* [Information supplied]:
[Start of section]

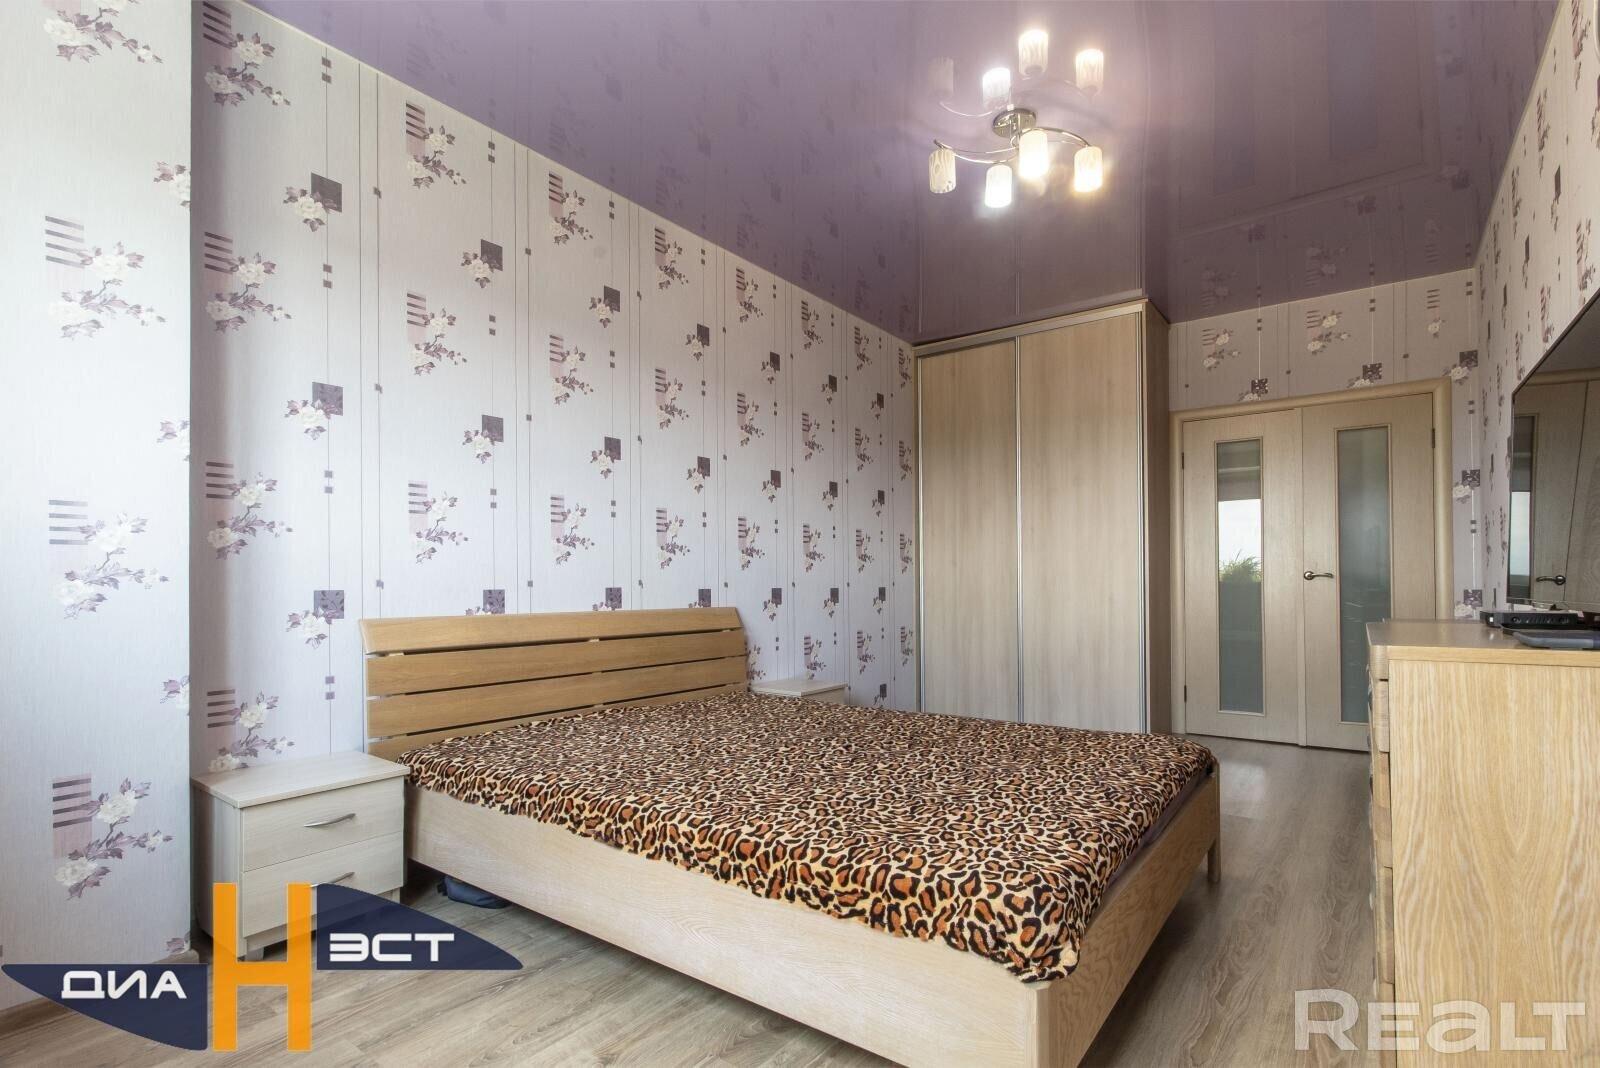 Продажа 2-х комнатной квартиры в г. Минске, ул. Рафиева (р-н Юго-Запад)
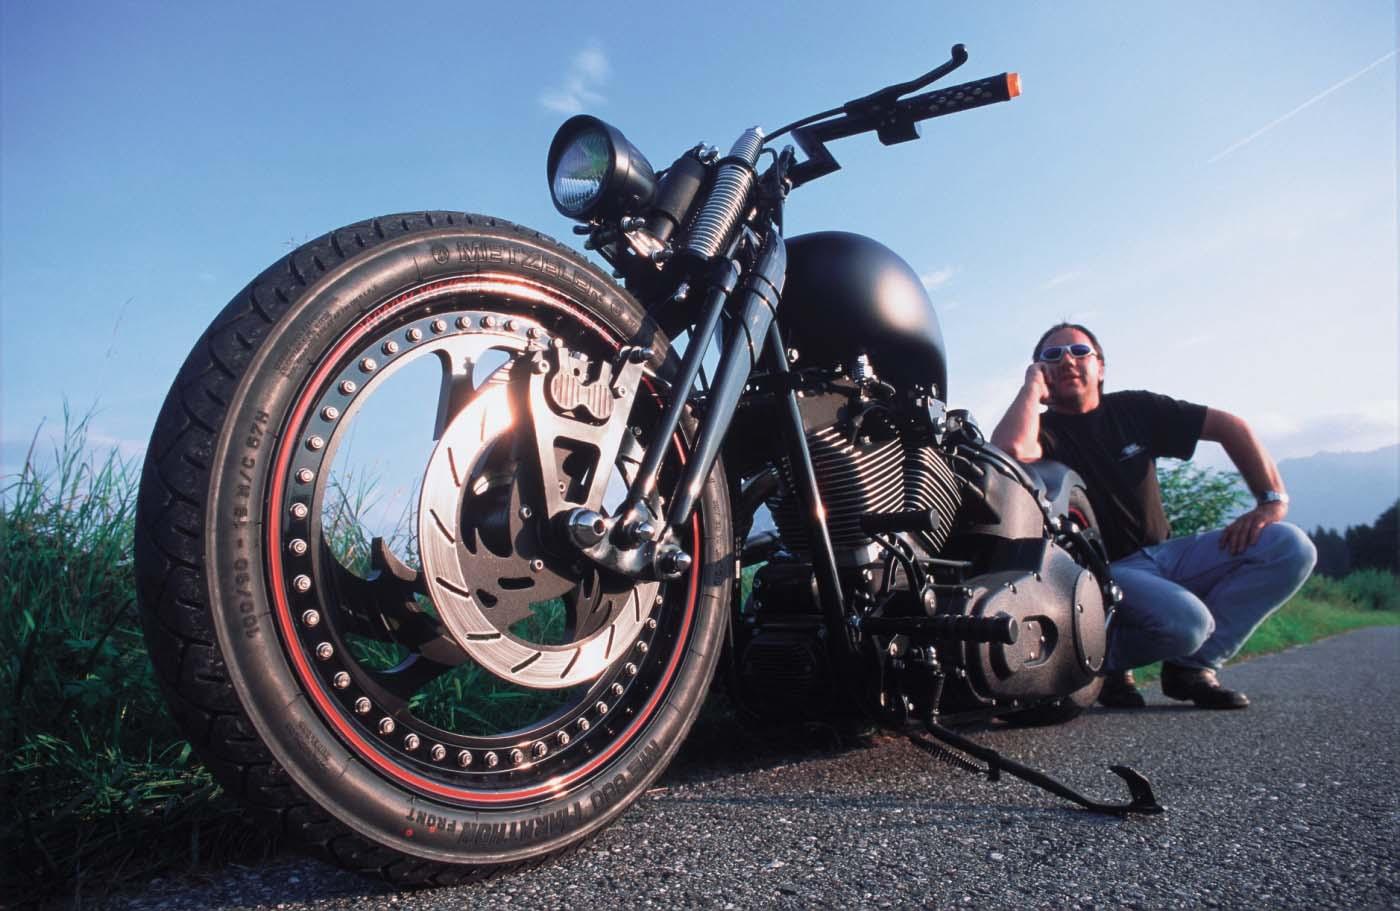 Rick vor seinem personal Bike TGIR 2002
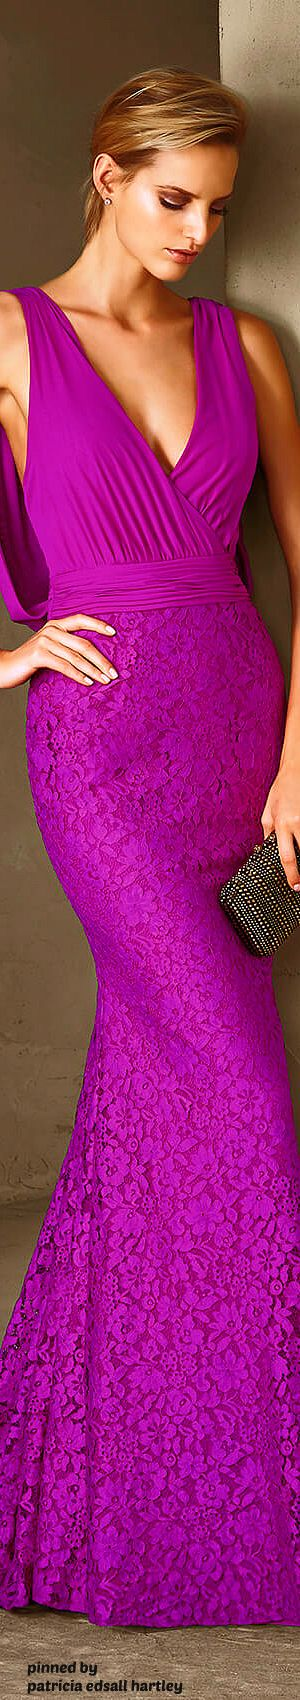 Mejores 25 imágenes de ropa en Pinterest | Ropa informal, Alta ...
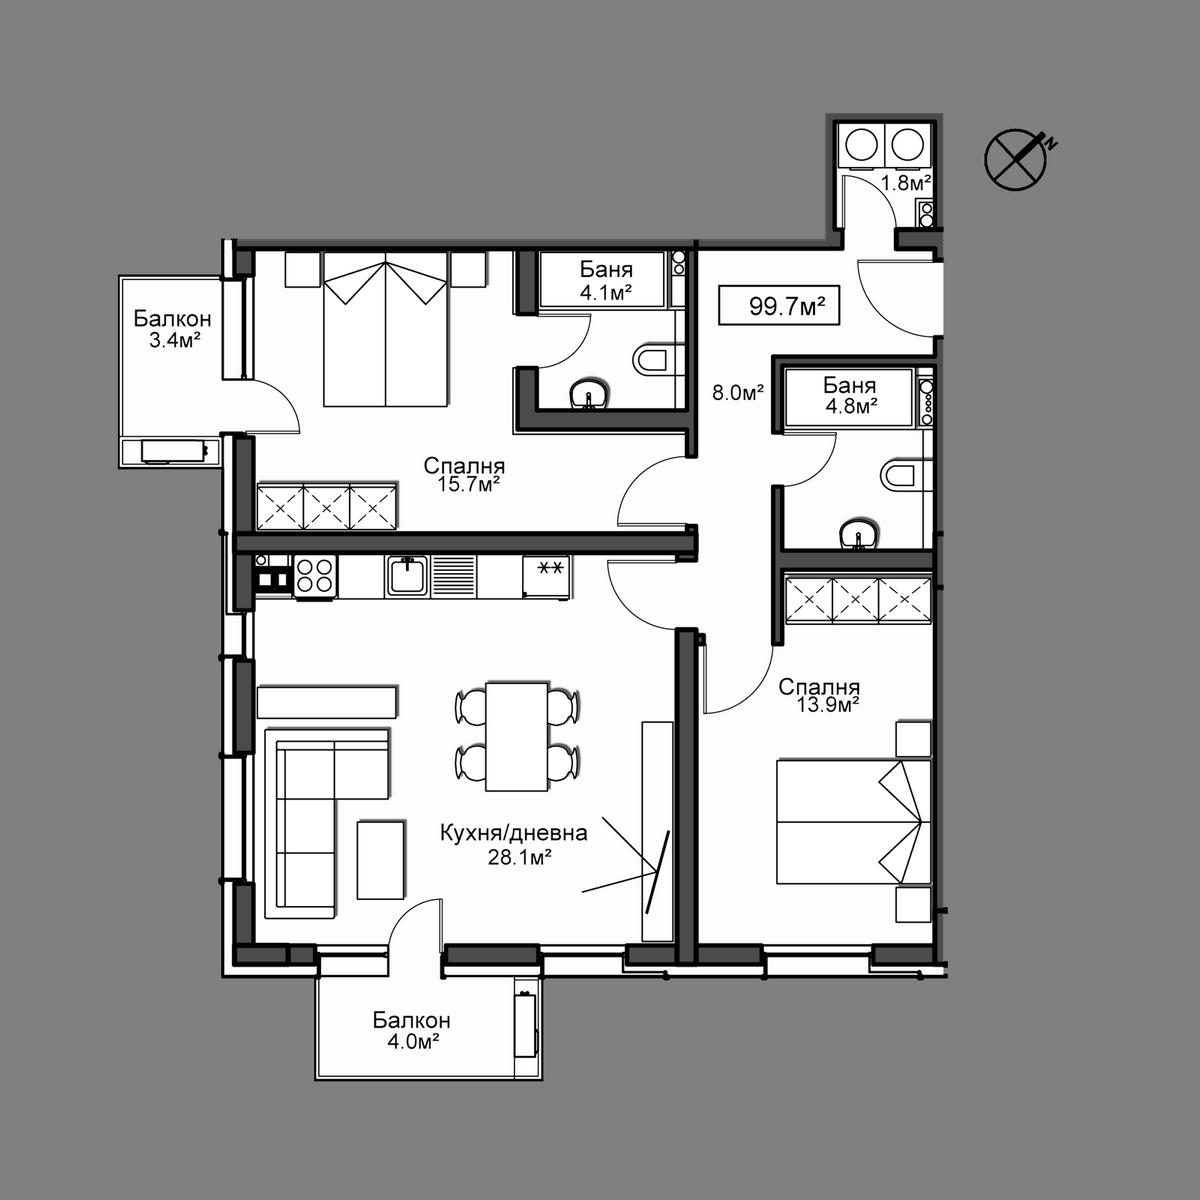 Продава апартамент ново строителство - Апартамент 46

[End of section]

* [Activity]: Beginning with the line that holds "Mejores 25 imágenes", extract every line to the end of the material, exactly as it stands, and drop the pictures.

* [Expected output]:
 Mejores 25 imágenes de ropa en Pinterest | Ropa informal, Alta ...
 Продава апартамент ново строителство - Апартамент 46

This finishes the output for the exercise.